I'm not trying to put you on the defensive here. I just want to discuss this story and the concept of scapegoatting.

Posted: Fri Aug 21, 2009 6:42 am
by Suzanne
This story starts out like a fairy tale, it is beautifully written, and then, advertisements, the secret police and the bomb are mentioned. These words just came out of nowhere, they kind of hit me in the face.

That narrator says something interesting, "the trouble is we have a bad habit, encouraged by pedants and sophisticats, of considering happiness as something rather stupid. Only pain is intellectual, only evil interesting".

The narrator is describing the people of Omelas in this sentence. The people enjoy visiting this child, they find this child interesting, to me, this sounds evil. The child is a symbol of unhappiness. The point of the child is to have people look at "it" and say to themselves, "Boy, I can't complain, I am very happy, I'm so glad I don't live in the dirt room".

Is is possible that the narrator is someone who walked out of the town and is describing, the best way they can, how the people of Omelas really feel? Another interesting line, "But to praise despair is to condemn delight, to embrace violence is to lose hold of everything else". The narrator is saying here, that the happiness the villiagers feel is not real. How can it be real? They all know there is a suffering child, who is starved and kicked. That's violence. The narrator clearly says, "to embrace violence is to lose hold of everything else".

"Often the children go home in tears, or in a tearless rage, when they have seen the child and faced the terrible paradox". They identify with this child. I believe the purpose for parents taking their children to see this pitiful child is to show them how furtunate they are. I am not a child and I would be in tears.

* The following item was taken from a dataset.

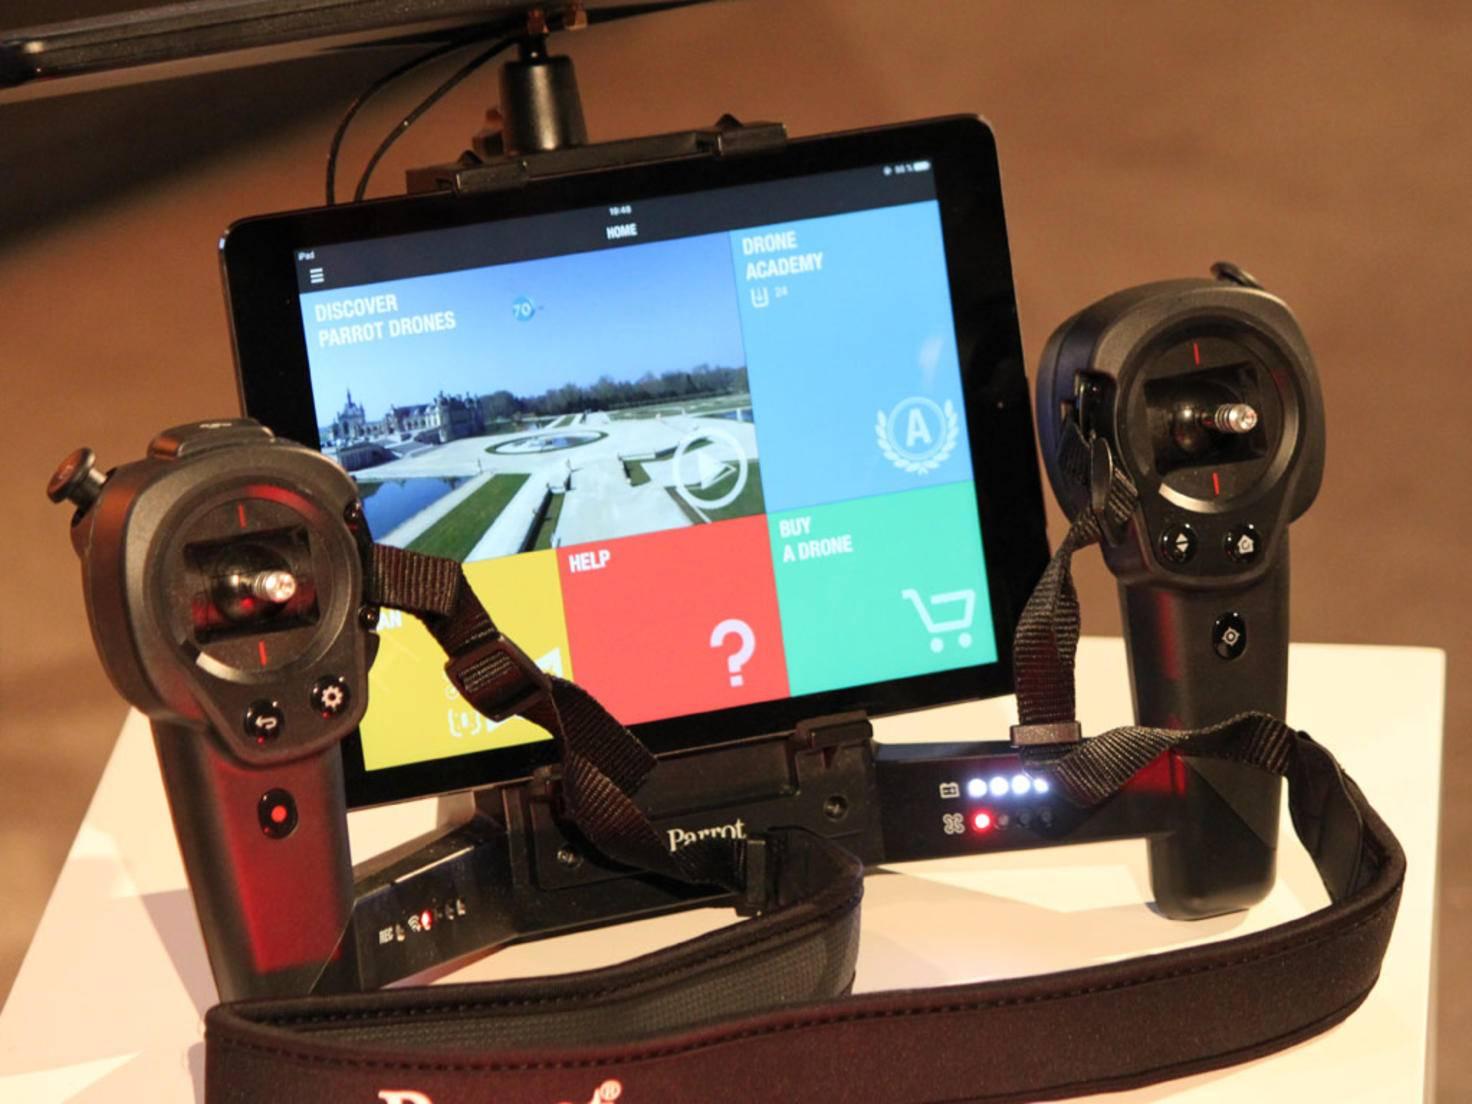 Der Skycontroller erscheint in einer speziellen Black Edition.

My happiness does not hinge on someone else's misery. This would take me back to the first quote I mentioned, and I belileve the narrator is correct, happiness is just stupid in this town.

I can understand, sacrificing one for the lives of many, even though I don't think I myself could do it. But, to sacrifce anyone for happiness, no. It think this is certainly a character flaw in many people. Bullys do it, hurt someone to make themselves feel better. This applies to gossip too. "Lets talk about someone else's misfortune, it will makes us feel better". To say that the child is an imbecile, and that the child is incabable of experiencing happiness is just rationalizing. It's like saying, there is no reason to help the poor, they would not appreciate anything nice.

The saddest part for me is when the child pleads to be let out. He says he will be good. This would suggest to me that he blames himself for where he is, and the treatment he suffers.

I don't think I liked this one very much. I'm going to go hug my kids now.

Posted: Fri Aug 21, 2009 6:47 am
by Suzanne
docxen wrote:
To end all suffering all pain at the price of only one would it not be worth it.
First, I don't think it's possible, and no, it's not worth it. How can you end pain and suffering, when you inflict pain and suffering?